ALBUM REVIEW: Michelle Malone Connects With Simple Beauties and Complex Realities on ‘1977’
Michelle Malone’s songs unfold cinematically. Every flourish of her guitar captures a moment of human vulnerability, and her warm, inviting vocals tell stories of the exquisite intimacy of our daily lives, whether we’re picking eggs from under our hens, living with heartbreak and loss, trying to find ourselves, or celebrating love.
Shimmering, echoing guitars open the soulful psychedelic folk of “Not Who I Used to Be.” The minor-chord verses open into a major-chord declaration of moving on from the old to the new on the chorus, with Malone’s and Doug Kees’ guitars tracing a thematic lead line beneath Malone’s lyrics.
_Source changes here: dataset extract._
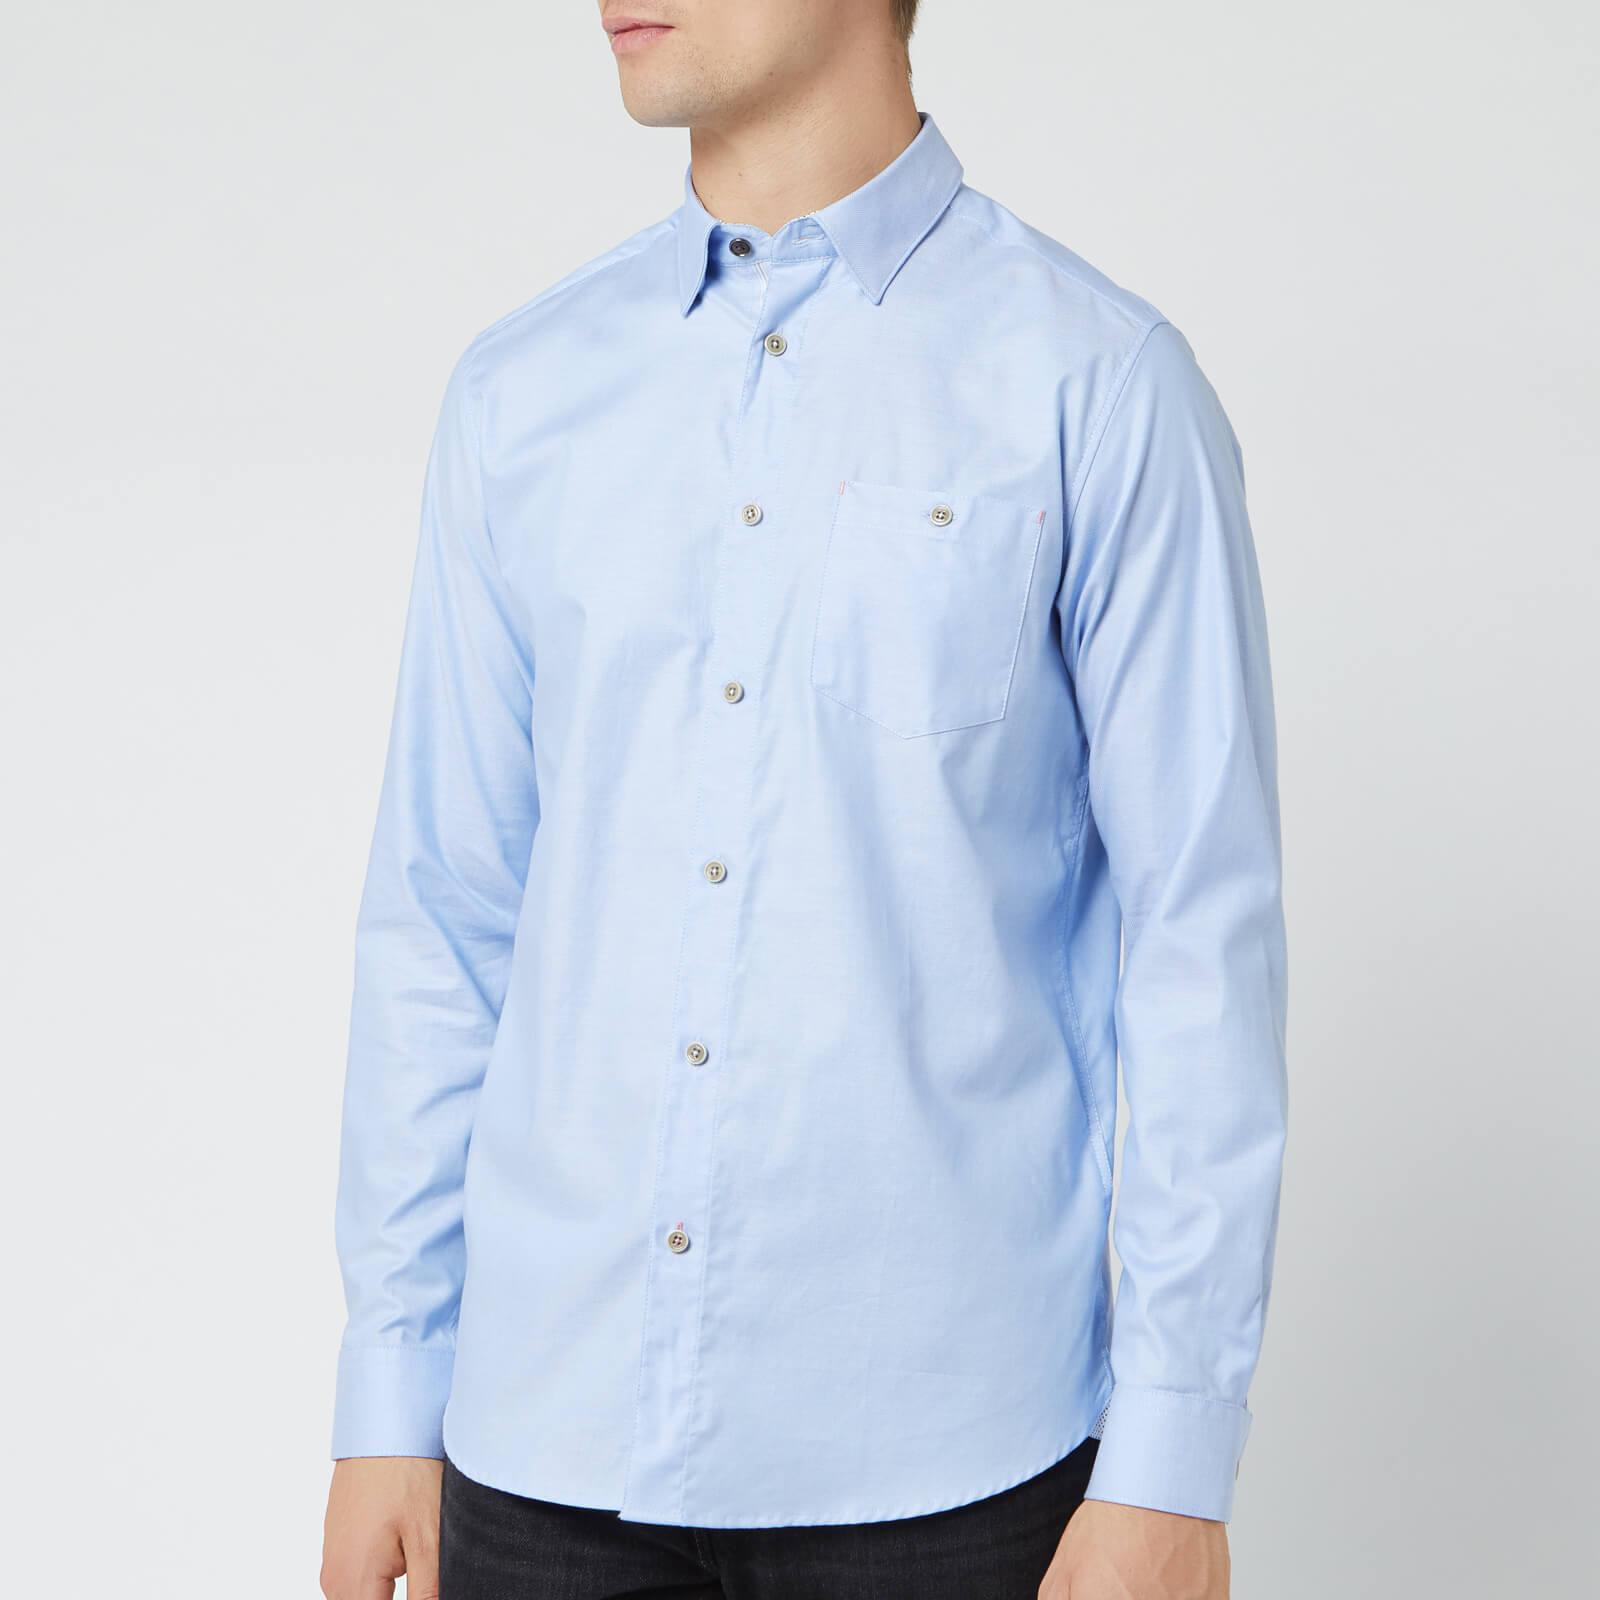 Ted Baker Men's Zachari Long Sleeve Shirt - Light Blue - S/2

The sonically spacious character of the song recalls the resonant airiness of Danny Kirwan’s Fleetwood Mac Bare Trees album.
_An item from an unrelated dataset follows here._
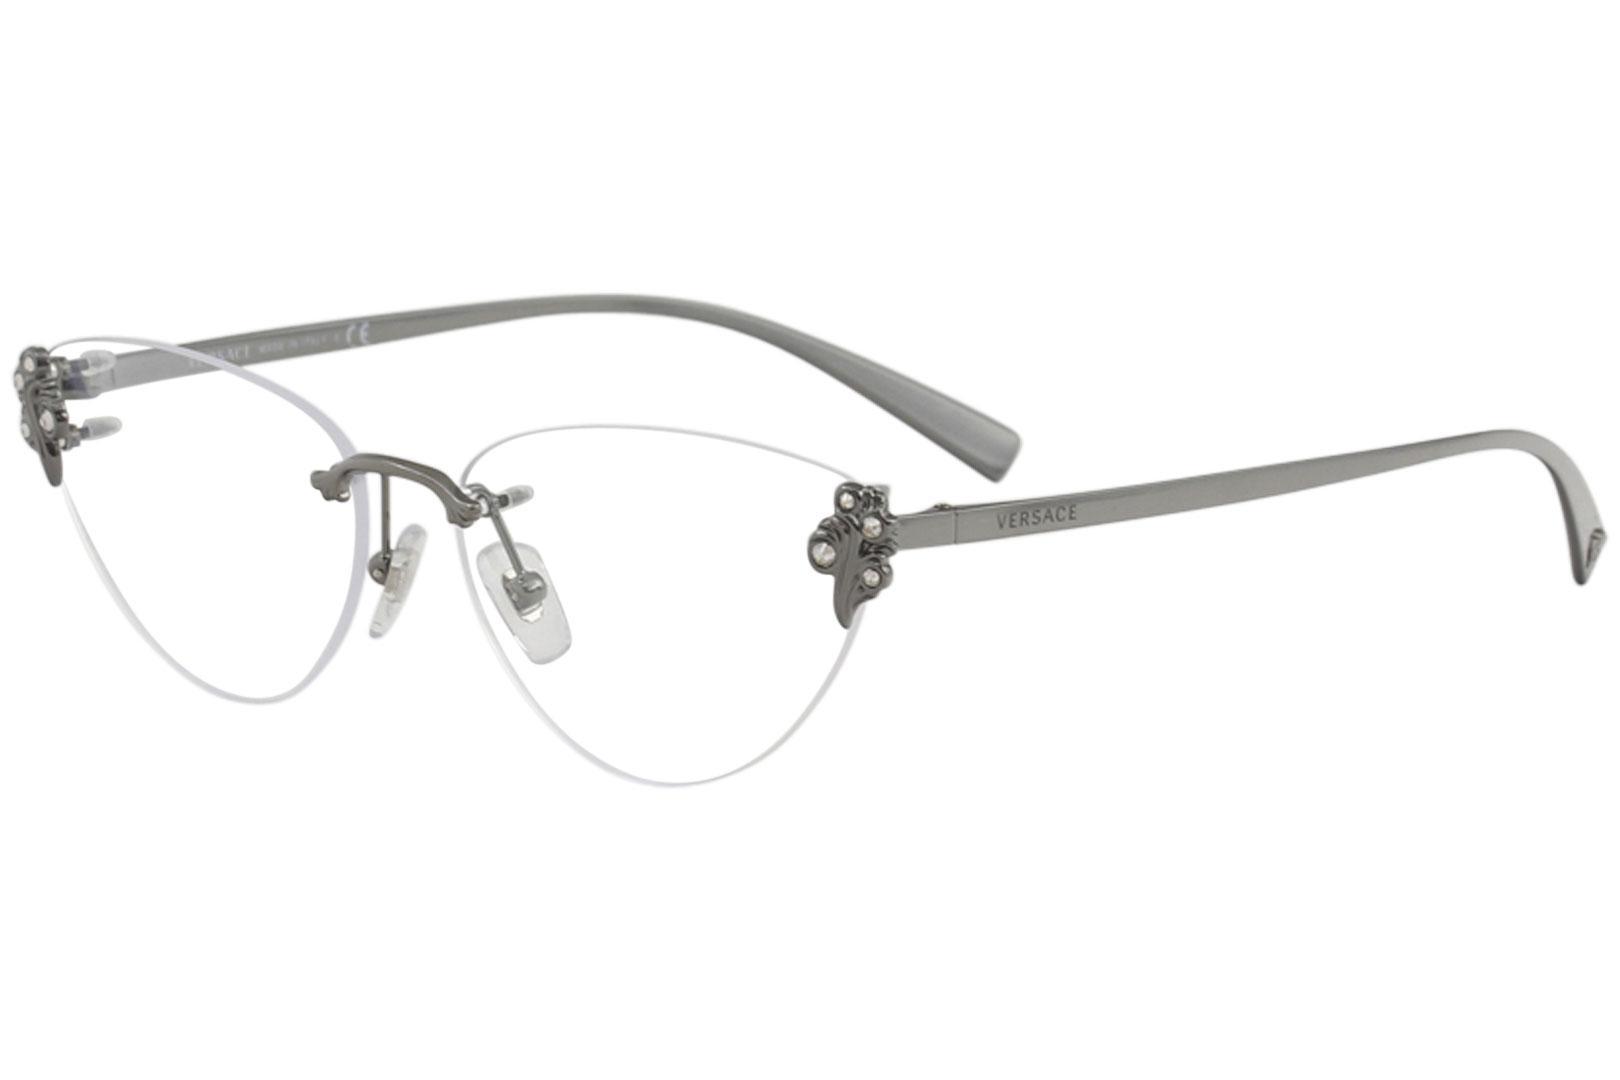 49653b550293 Versace Women's Eyeglasses VE1254B VE/1254/B Rimless Optical Frame

Sparkling guitars create a bright bed of sound over which Malone’s soaring vocals lie on “Know My Name.” The luster of the sound belies the hurt and the pain in the lyrics as two people fail to connect and live mirrored lives of loneliness: “I’m just like you and you’re just like me / we’re both outsiders longing to be free / So alone, so alone, so alone, so alone.”
“Even the Queen” rocks along a Linda Ronstadt vibe and would easily be at home on Ronstadt’s 1977 Simple Dreams. The gospel-inflected chorus on “River Song” celebrates small beauties and the unrelenting power of music as it flows like a river in and out of our lives. The song illustrates Malone’s way with stories and her ability to evoke in a few words the tenderness and warmth of close relationships: “Anne is waiting on the tow truck, Jiblet’s got to write contracts / Dee got a nail in her Goodyear tire she had to fix it ’fore it went flat / Mega’s dancing with the fairies and laughing by the big bonfire / Trish led us up to the mountain top like a preacher leads a Sunday choir.”
Guitars create a wall of sound on the Tejano ballad “Dust Bowl Man”; the song’s outro rides along the same sonic track as The Eagles’ “Outlaw Man” from their 1973 album, Desperado. On the lilting country folk “Georgia Made,” Malone, based in Atlanta, brightly embraces the “Georgia Clay” that “runs in her bloodstream.”
1977 wears its heart on its sleeve, shimmering with an openness to human pain and joy and delivered in spacious lyrics and music that enters our hearts. Michelle Malone deserves to be even better known than she is, and 1977 may be the album that makes that happen.